Perspective: The mechanisms considered for triglycerides increasing risk for CHD and CV events are thought to be the increase in VLDL triglyceride-rich remnant particles, small highly atherogenic LDL particles, less efficient small dense HDL particles, and prothrombosis. The finding that a genetic determinant of triglyceride levels appears to increase risk independent of other known risk factors including diabetes further supports the rationale for considering targeting triglycerides. Future drug trials should consider the impact of the –1131T>C (rs662799) promoter polymorphism of the APOA5 gene, which appears to impact the effect of both statins and fibrates. Melvyn Rubenfire, M.D., F.A.C.C.

Title: Association of Temporal Trends in Risk Factors and Treatment Uptake With Coronary Heart Disease Mortality, 1994-2005
Topic: Prevention/Vascular
Date Posted: 5/11/2010 4:00:00 PM
Author(s): Wijeysundera HC, Machado M, Farahati F, et al.
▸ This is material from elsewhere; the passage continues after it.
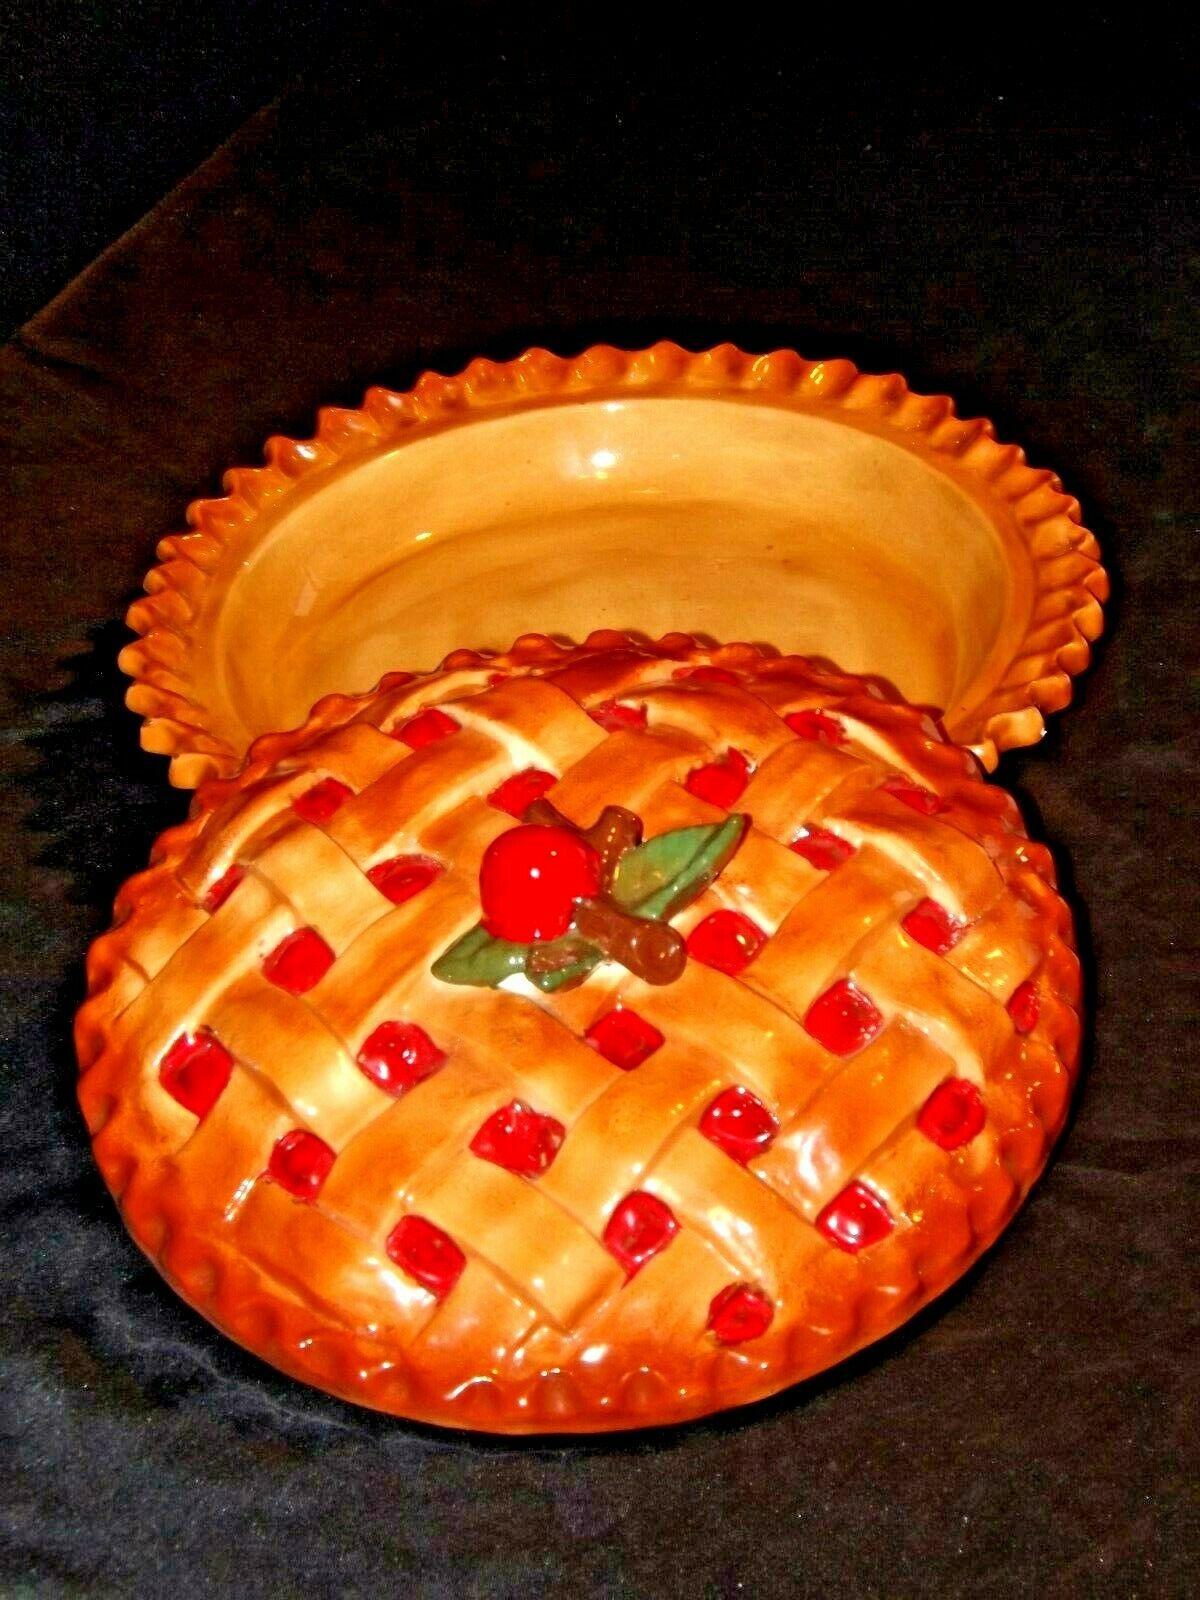 Stoneware Cherry Pie Keep Baking Dish with Decorative Lid AA19-1457

Citation: JAMA 2010;303:1841-1847.
Clinical Trial: No
Study Question: Are trends in coronary heart disease (CHD) risk factors and management associated with mortality?
Methods: This was a prospective analytic study of the general population (age 25-84 years) residing in Ontario, Canada between 1994 and 2005, using the IMPACT model (which integrates data on population size, CHD mortality, risk factors, and treatment uptake). The association between CHD mortality and risk factors for eight separate CHD populations, and population trends in six risk factors was quantified using relative risks and regression coefficients from published literature. The main outcome of interest was number of deaths prevented or delayed in 2005. Secondary outcomes included improvements in medical treatments and trends in risk factors.
Results: Age-adjusted CHD mortality decreased by 35%, from 191 to 125 deaths per 100,000 inhabitants over the time period examined (1994-2005). This translated into an estimated 7,585 fewer CHD deaths in 2005. Improvements in medical and surgical treatments were associated with 43% (range 11-124%) of the total mortality decrease, most notably for acute myocardial infarction (8%, range -5% to 40%), chronic stable coronary artery disease (17%, range 7-35%), and heart failure occurring while in the community (10%, range 6-31%). Trends in risk factors accounted for 48% (range 28-64%) prevented or delayed CHD deaths or 3,660 fewer deaths. Improvements in total cholesterol and systolic blood pressure accounted for much of this mortality reduction. Increases in diabetes and body mass index (BMI) were associated with higher CHD mortality (6%, range 4-8% for diabetes and 2%, range 1-4% for BMI).
Conclusions: The authors concluded that decreases in CHD mortality observed between 1994 and 2005 were associated primarily with improvements in CHD risk factors, but also with improvements in medical management of heart disease.
Perspective: These findings support the continued primary and secondary prevention efforts to improve traditional risk factors in our population. This together with continued advancement in the treatment of CHD will likely assist in the continued reduction of CHD mortality rates. However, the epidemic of obesity and associated medical problems such as diabetes will retard progress in reducing mortality and morbidity related to CHD. Elizabeth A. Jackson, M.D., F.A.C.C.